The president of El Salvador remarked, “That’s violence.”
“That’s abuse of a woman,” Trump agreed. “But we have people that fight to the death because they think men should be able to play in women’s sports.”
A decade or so ago, Bukele said, the women’s rights movement pushed to have laws on the books to prevent men from abusing women, arguing that now the “same people are trying to backtrack.”
“We’re big on protecting women,” Bukele said, noting that most of his Cabinet members present in the Oval Office with him are women, and joking, “they’re not DEI hires or anything.”
Trump championed women in his own Cabinet, naming Attorney General Pam Bondi, Homeland Security Secretary Kristi Noem and White House Chief of Staff Susie Wiles.
“The most powerful woman in the world, according to magazines,” Trump said of Wiles. “I think she probably is.”
Noem, who visited the CECOT last month, thanked Bukele for his partnership, saying Trump has sent a “powerful message of consequences” to keep criminals, rapists, murderers, gang members and terrorists out of the U.S.

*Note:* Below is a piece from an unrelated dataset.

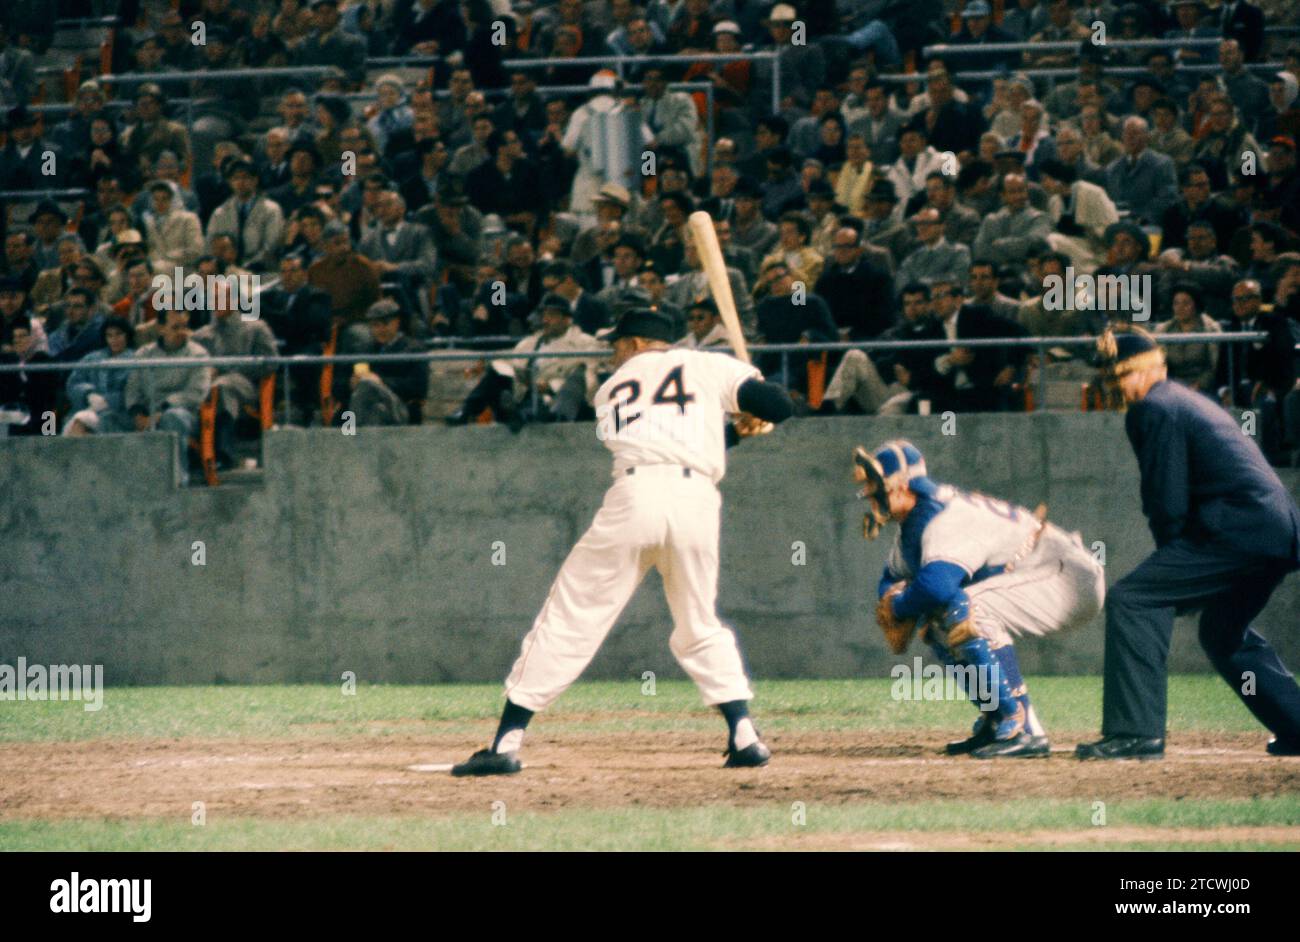 SAN FRANCISCO, CA - MAY, 1960:  Willie Mays #24 of the San Francisco Giants bats during an MLB game against the Chicago Cubs circa May, 1960 at Candlestick Park in San Francisco, California.  (Photo by Hy Peskin) *** Local Caption *** Willie Mays Stock Photo
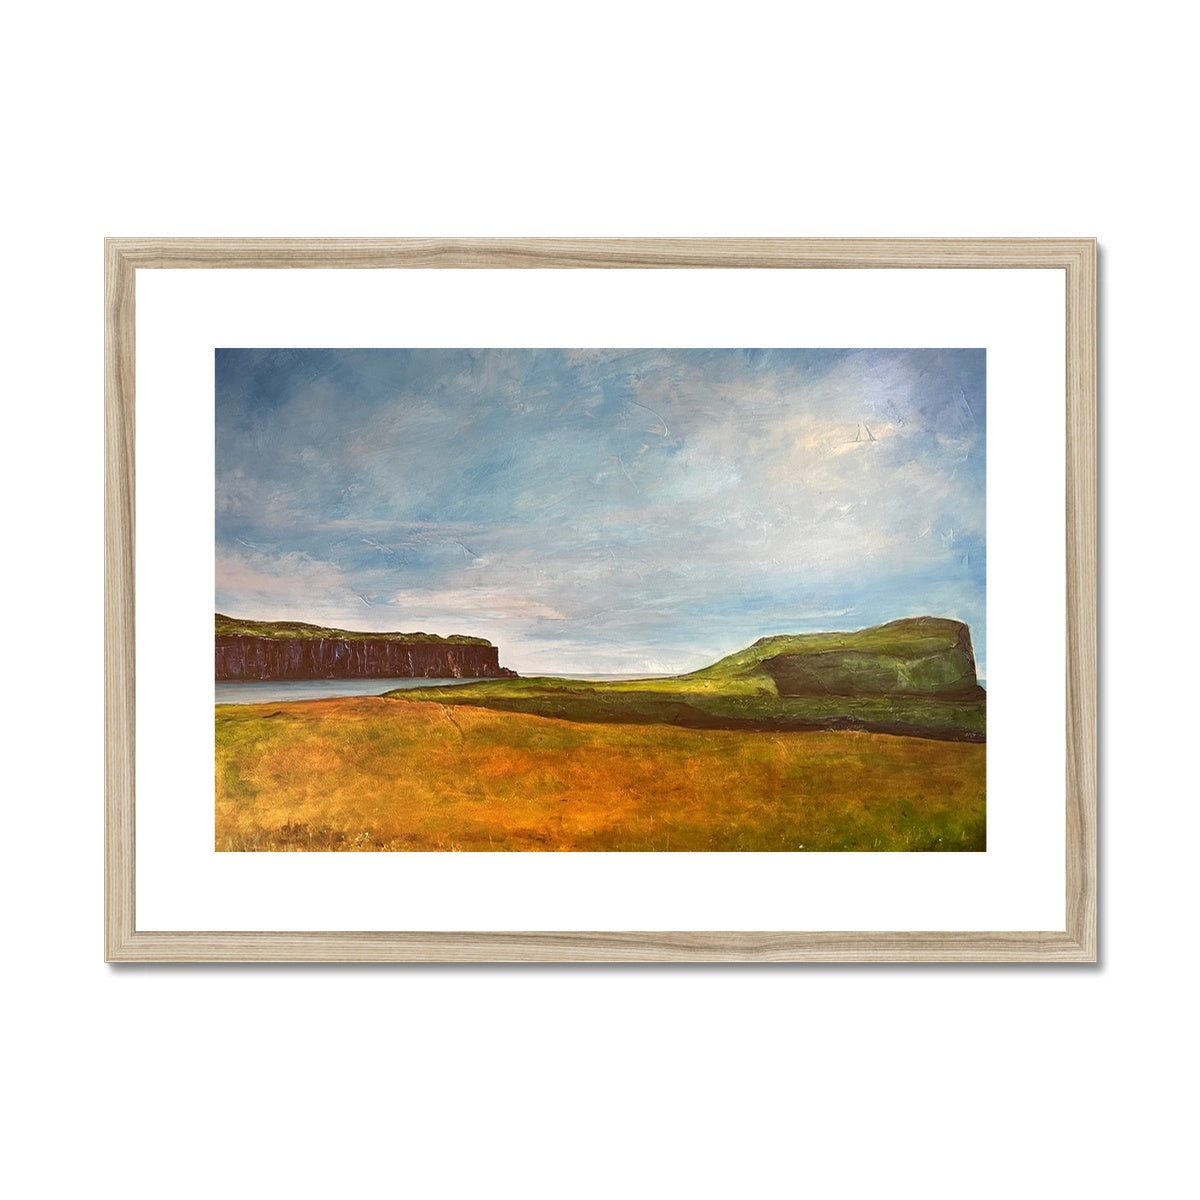 Approaching Oronsay Skye Painting | Framed & Mounted Prints From Scotland-Framed & Mounted Prints-Skye Art Gallery-A2 Landscape-Natural Frame-Paintings, Prints, Homeware, Art Gifts From Scotland By Scottish Artist Kevin Hunter

Trump said the Biden administration allowed people to “come freely into our country” from South America, Africa, Asia and “rough parts of Europe,” claiming many of those entering came from prisons and mental institutions, as well as gangs.
“This was allowed by a man who — what he did to our country is just unbelievable,” Trump said of former President Joe Biden. “So we’re straightening it out. We’re getting them out. But what they did and what that party did to our country, open borders, anybody could come in. As soon as I heard that, I said, ‘every prison is going to be emptied out into our country.’ That’s what happened. And we’re straightening it out.”
Asked how many illegal immigrants his administration would export to El Salvador, Trump said, “as many as we can get out of our country that were allowed in here by incompetent Joe Biden through open borders.”
Trump did not rule out exporting U.S. citizens or fully naturalized immigrants who commit violent crimes in the U.S. to El Salvador, but he did say Bondi and the Justice Department were still “studying the law” on that potential course of action.
“They’re as bad as anybody that comes in. We have bad ones, too. And I’m all for it because we can do things with the president for less money and have great security,” Trump said. “I’m talking about really bad people.”